Recorded information START

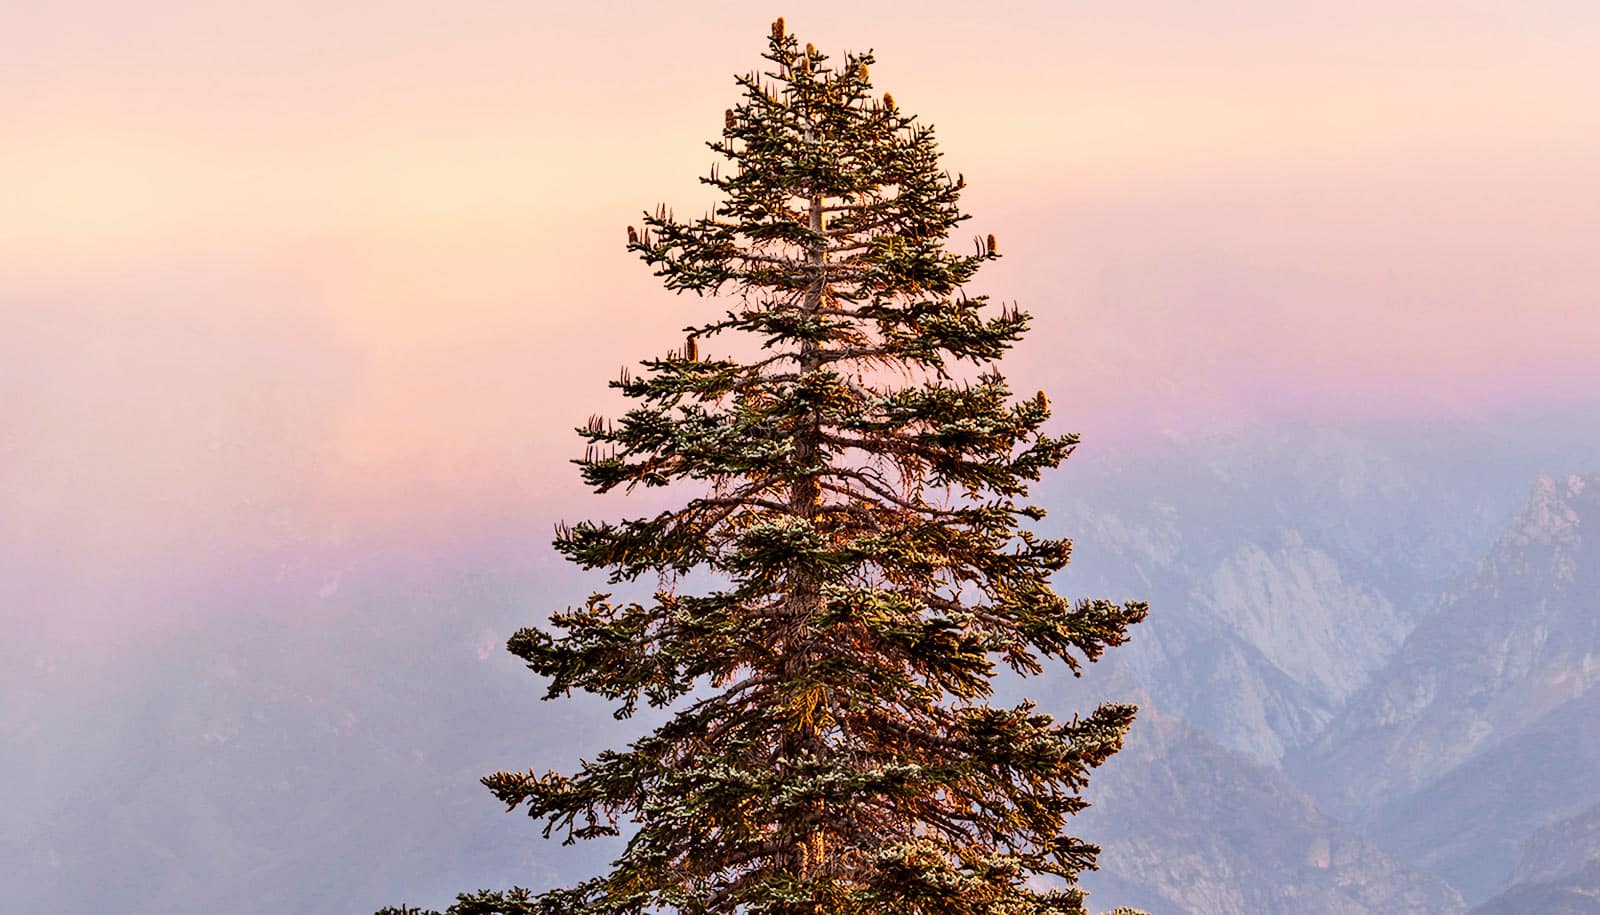 A single conifer tree with mountains and a sunrise lighting up the sky in the background.
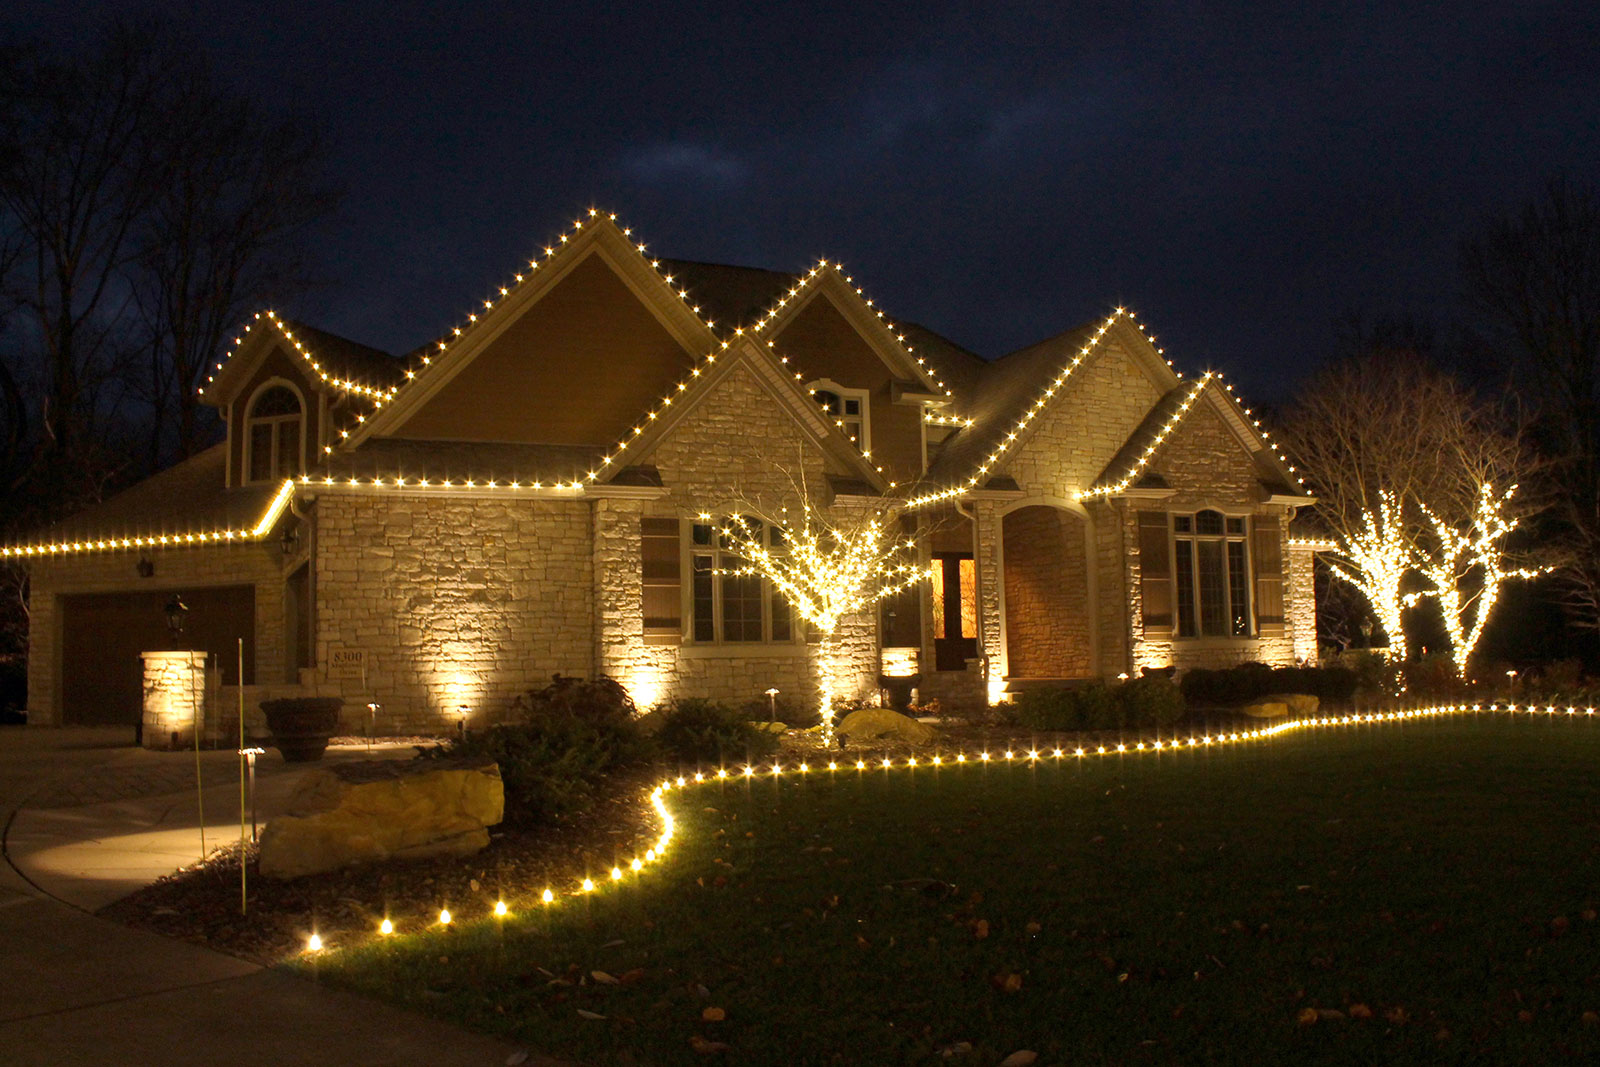 Residential House with Holiday Christmas Lighting
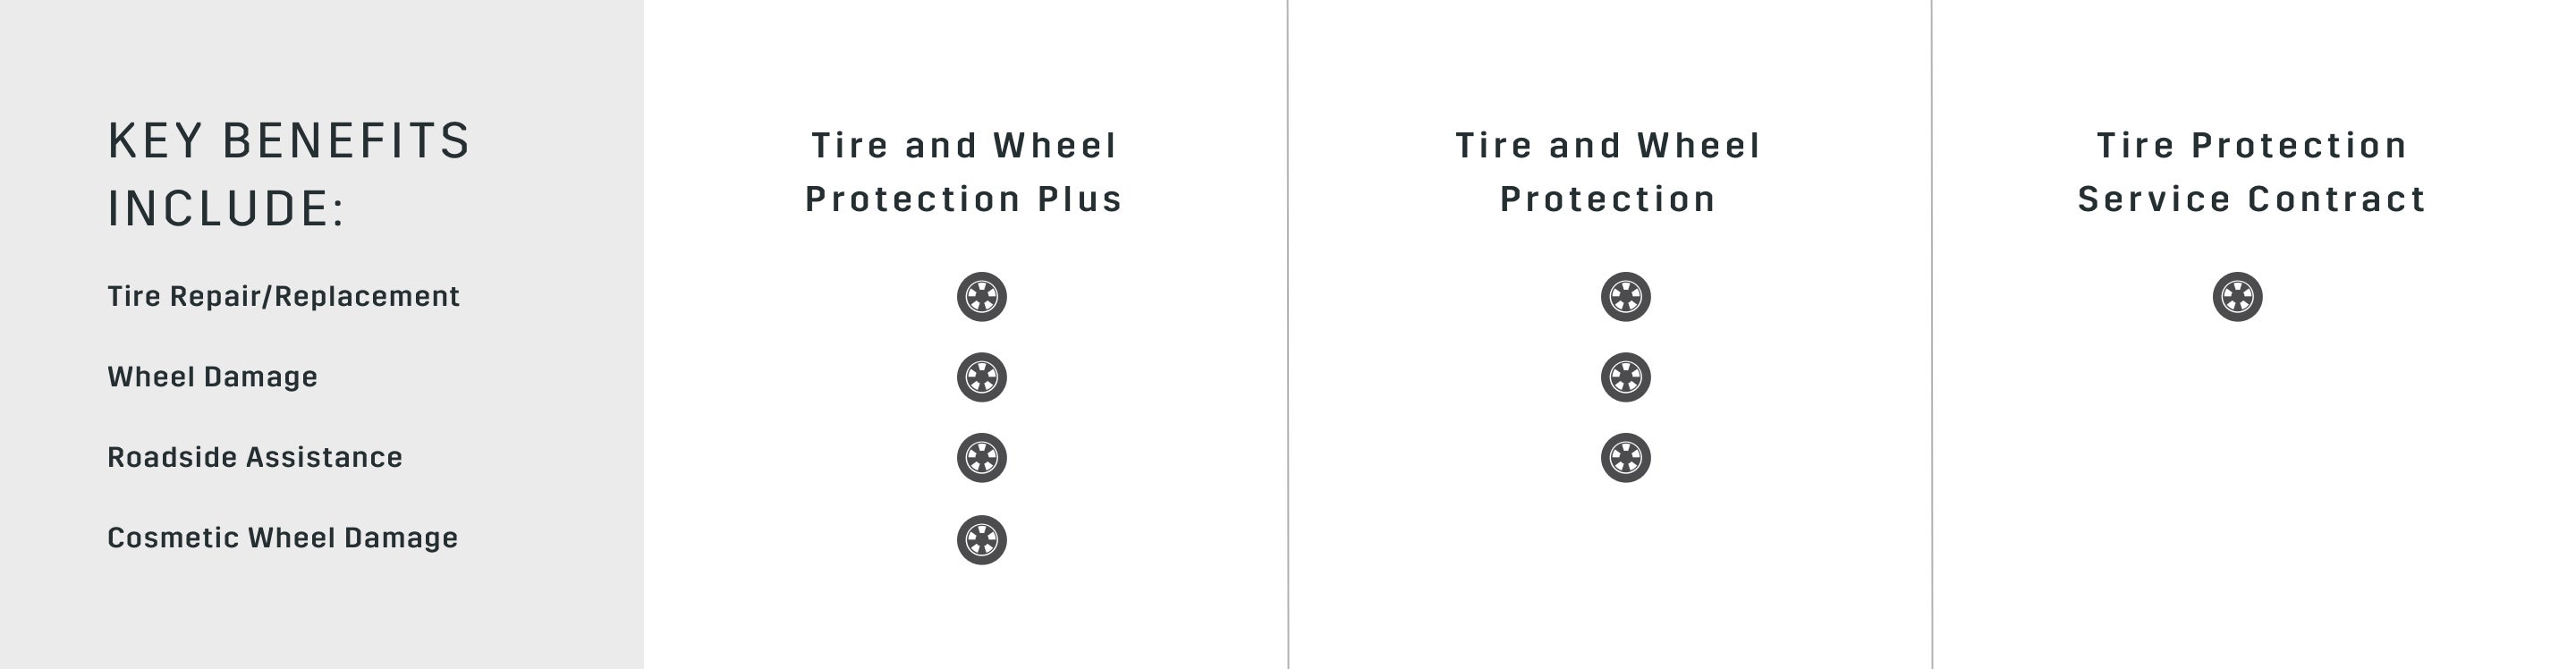 Cadillac Protection Tire and Wheel Protection Key Benefits Chart
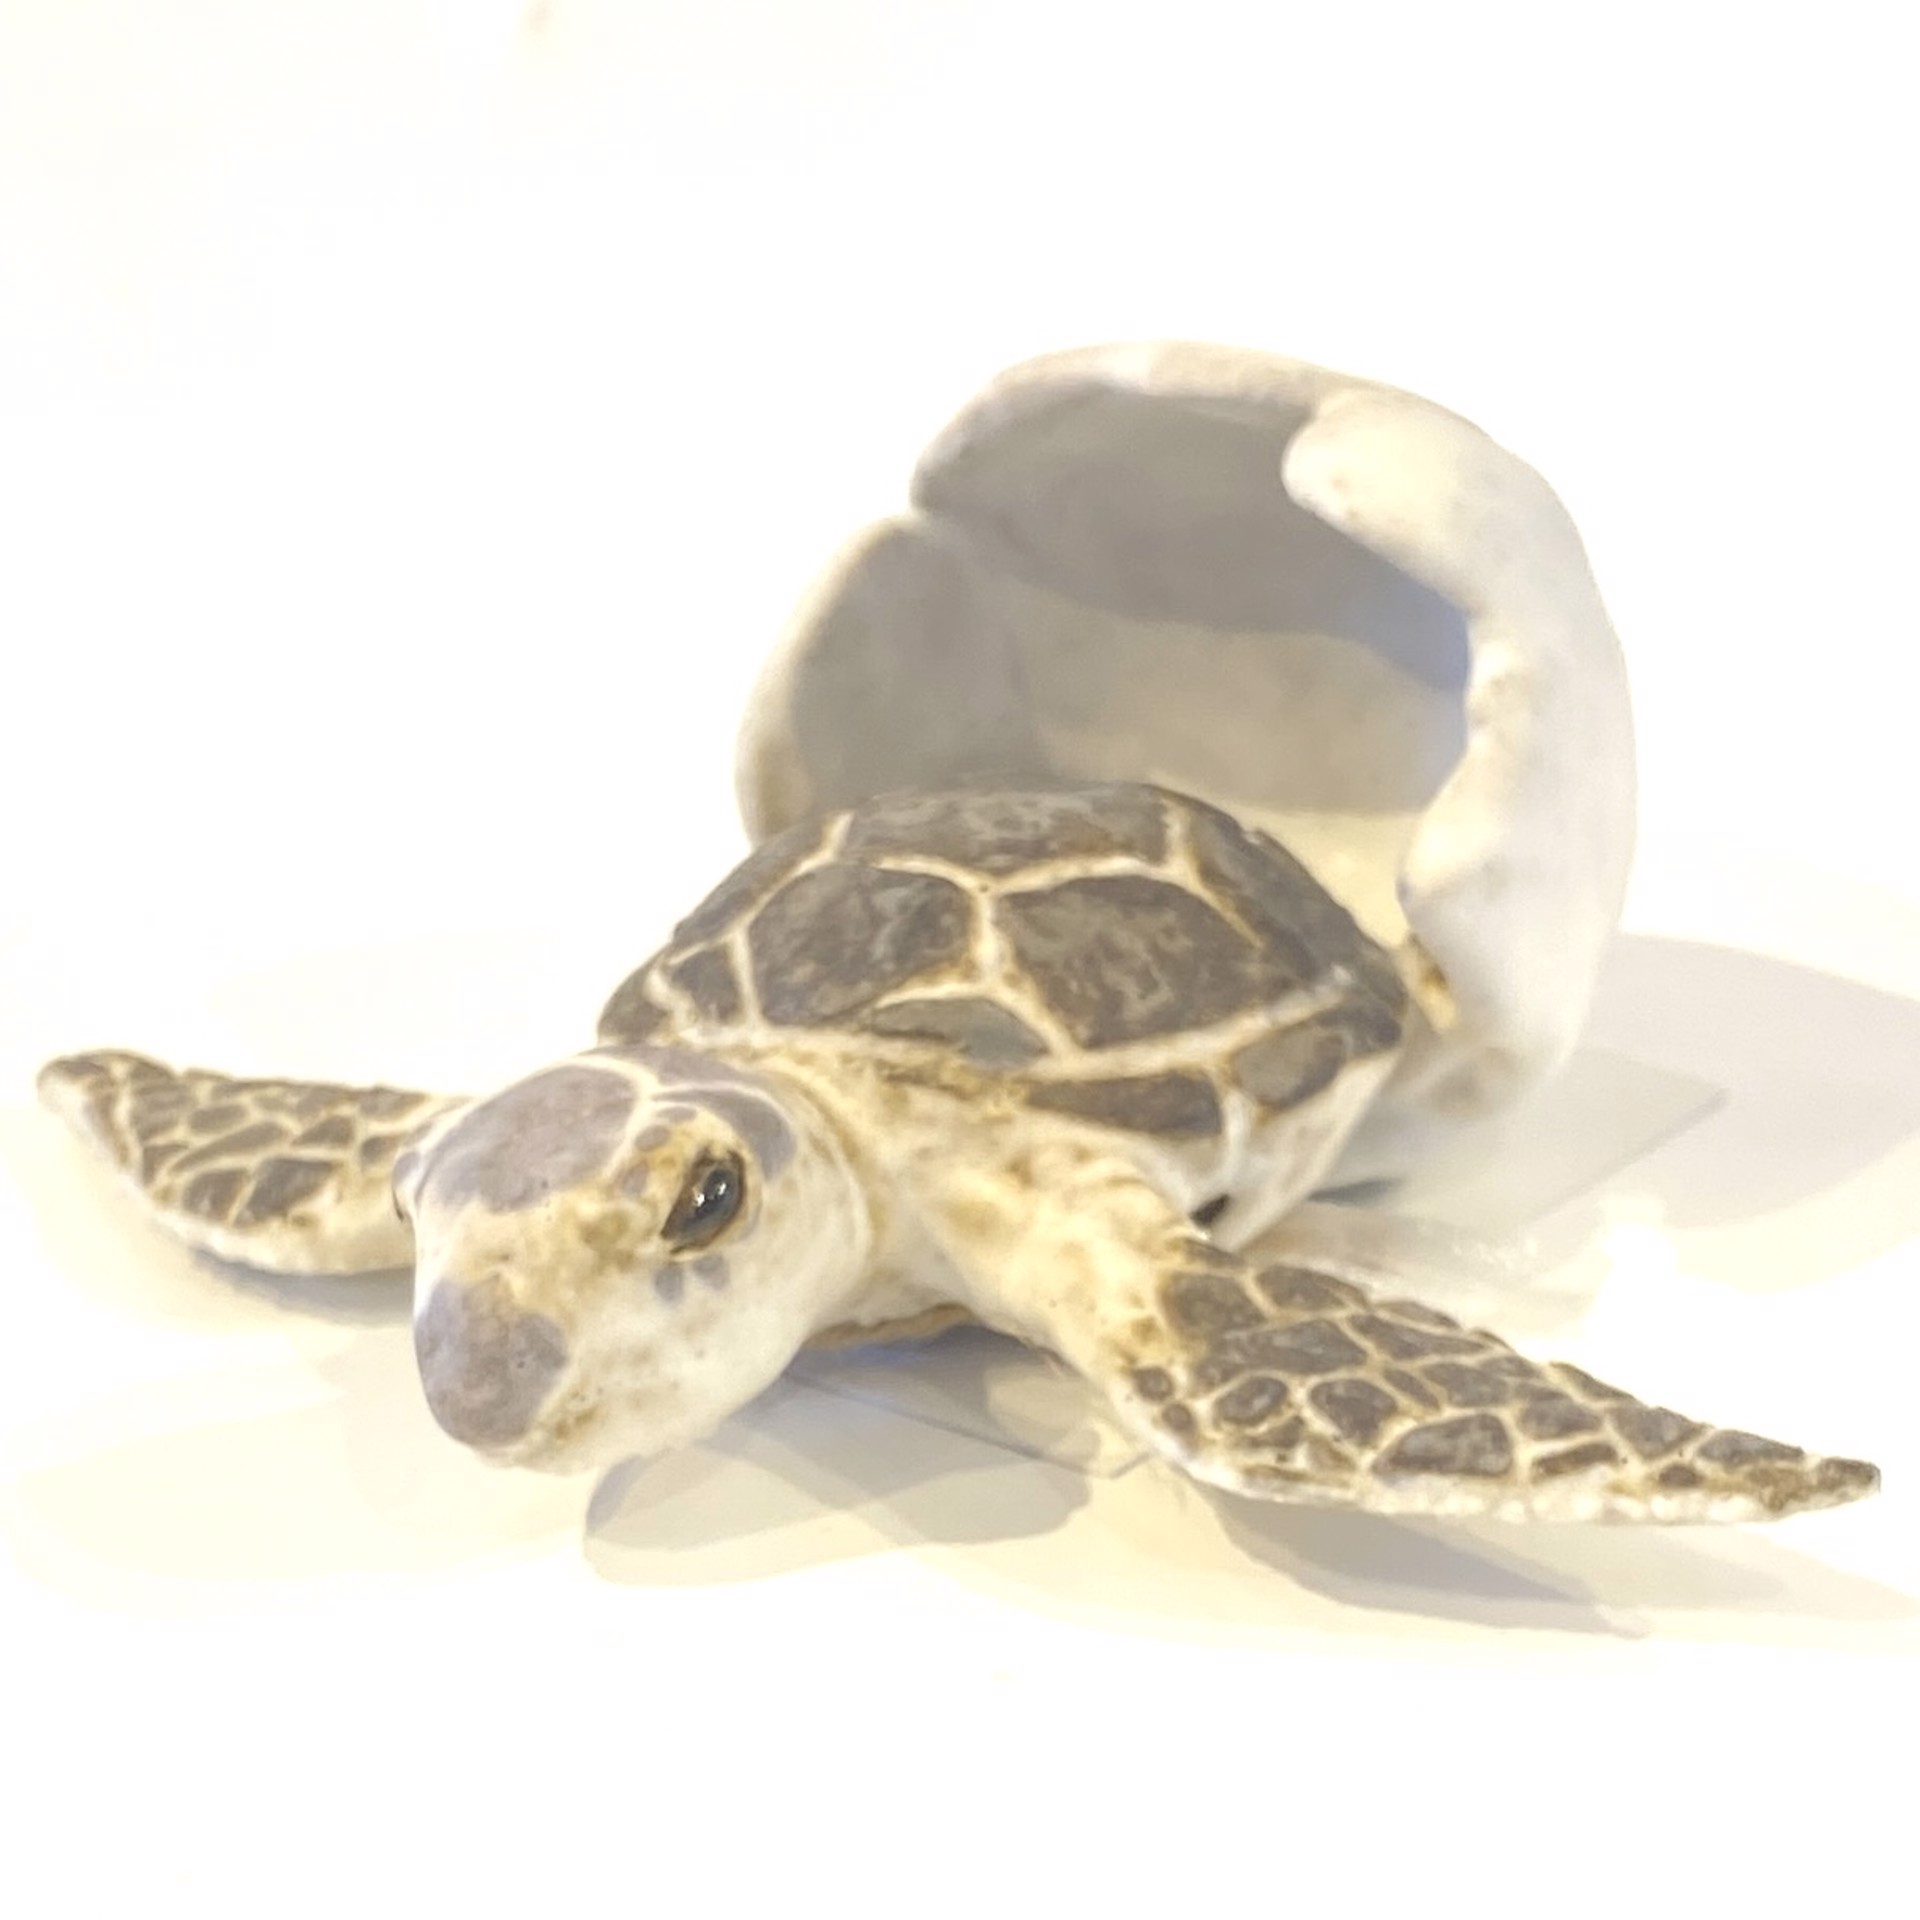 Atlantic Green Turtle Hatchling with Shell SG23-59 by Shayne Greco

Recorded information END

Could you print the whole listing again, exactly, leaving the pictures out?

 A single conifer tree with mountains and a sunrise lighting up the sky in the background.
 Residential House with Holiday Christmas Lighting
 Cadillac Protection Tire and Wheel Protection Key Benefits Chart
 Atlantic Green Turtle Hatchling with Shell SG23-59 by Shayne Greco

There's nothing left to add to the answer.